▶ _THE PROBLEM_
The listing below is to be written out word for word, minus its images.

▶ _GIVEN INFORMATION_
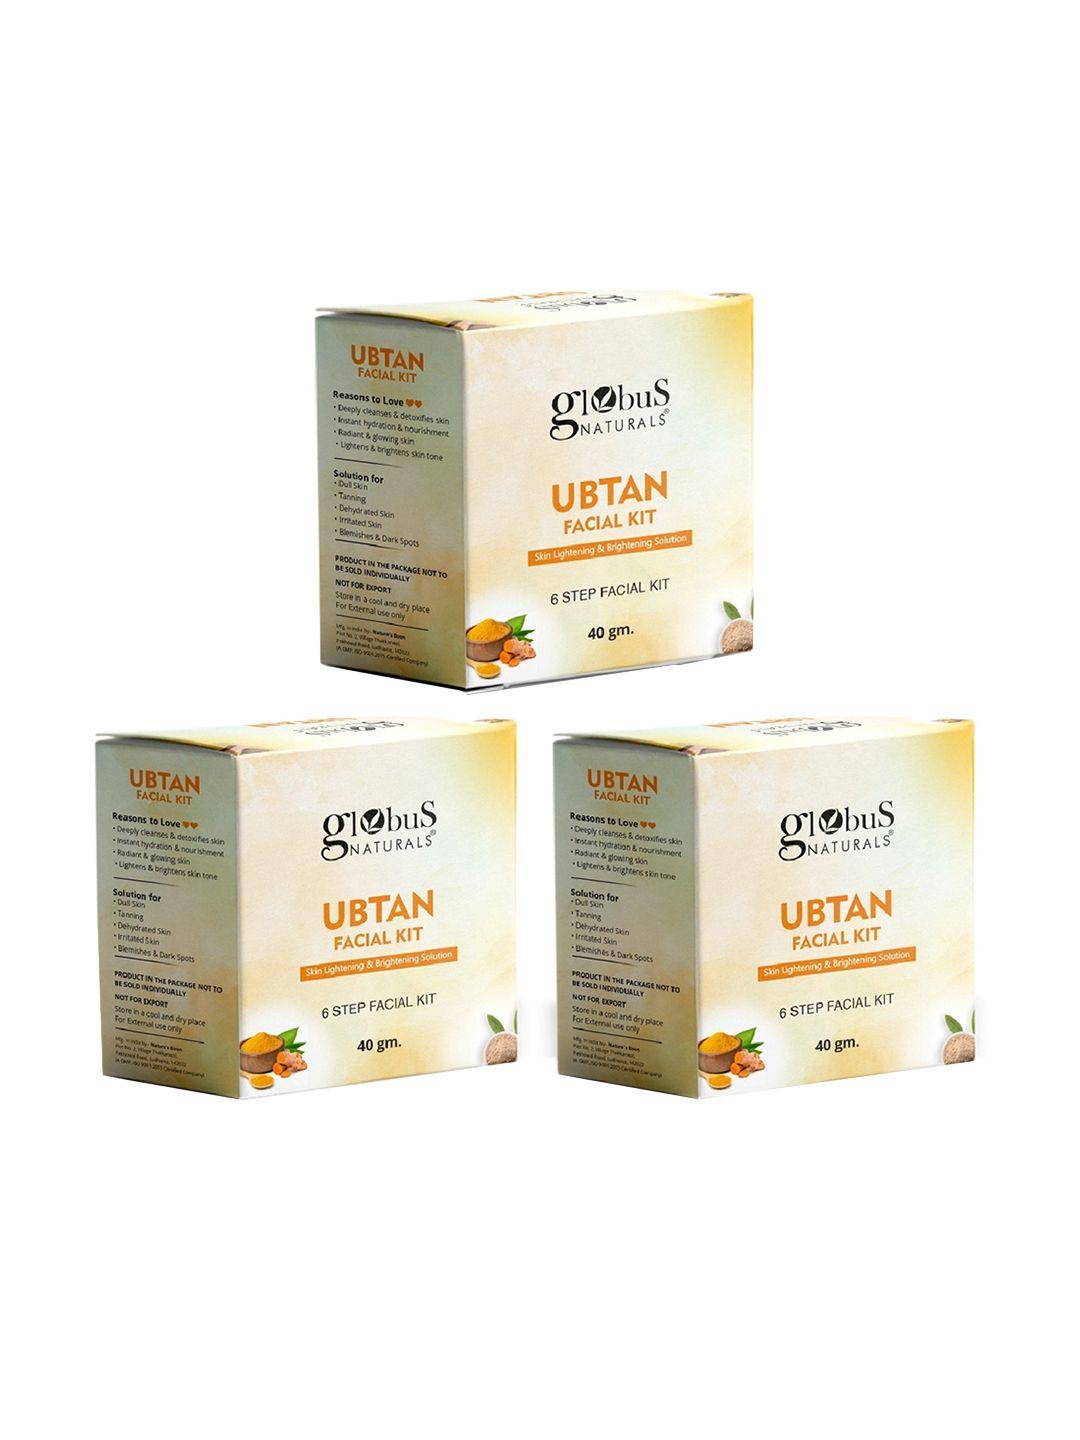 globus naturals set of 3 ubtan 6 step facial kit for skin lightening - 40 g each
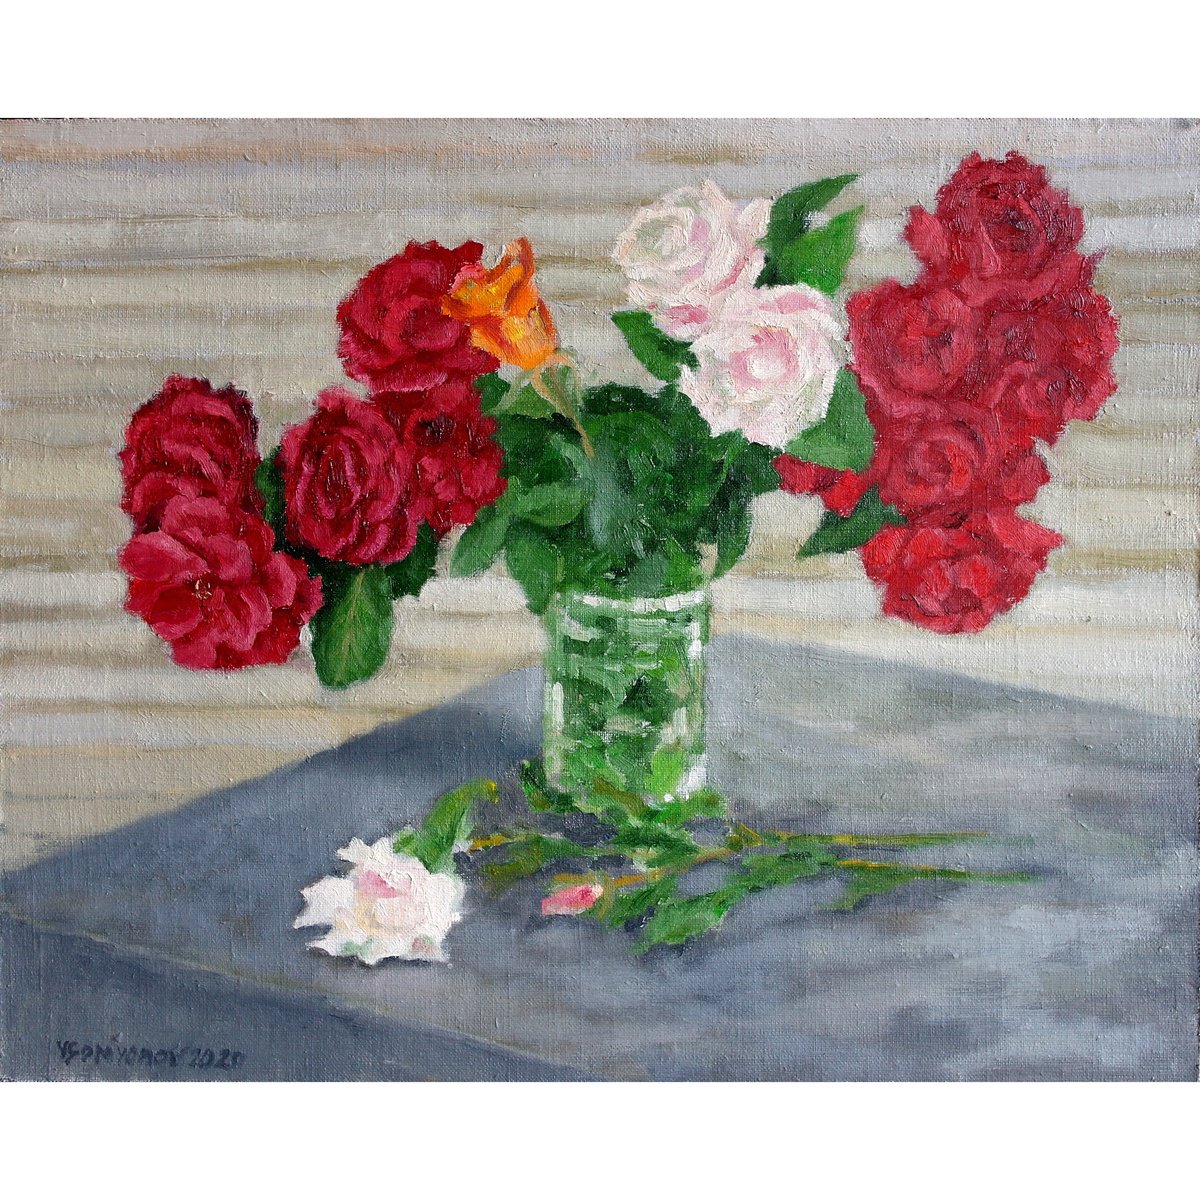 Mixed Garden Roses in a Vase by Juri Semjonov
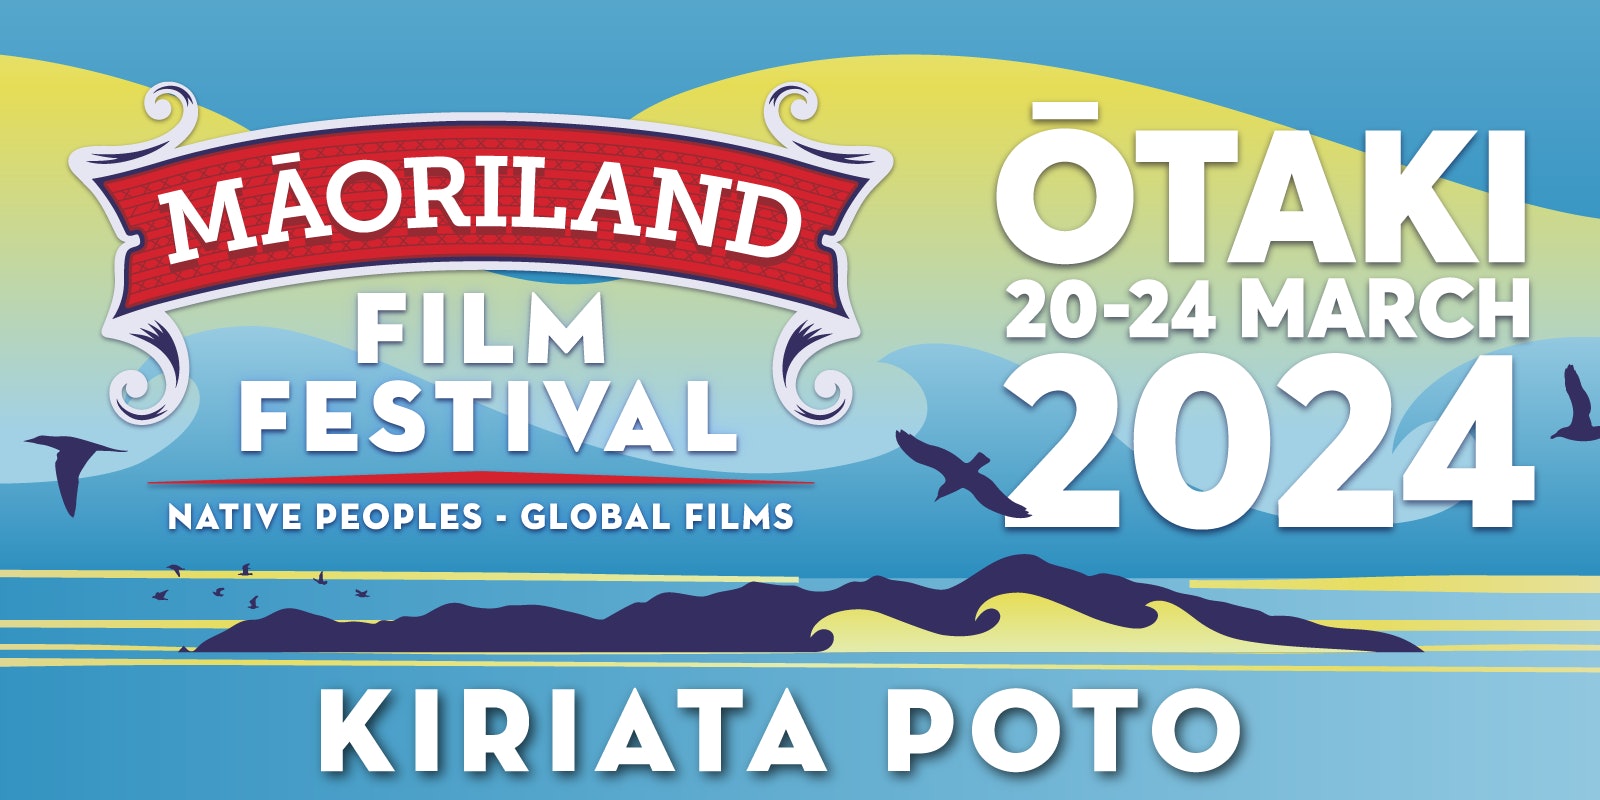 MAORILAND FILM FESTIVAL 2024 | Kiriata Poto

▶ _ANSWER BOX_
 globus naturals set of 3 ubtan 6 step facial kit for skin lightening - 40 g each
 Mixed Garden Roses in a Vase by Juri Semjonov
 MAORILAND FILM FESTIVAL 2024 | Kiriata Poto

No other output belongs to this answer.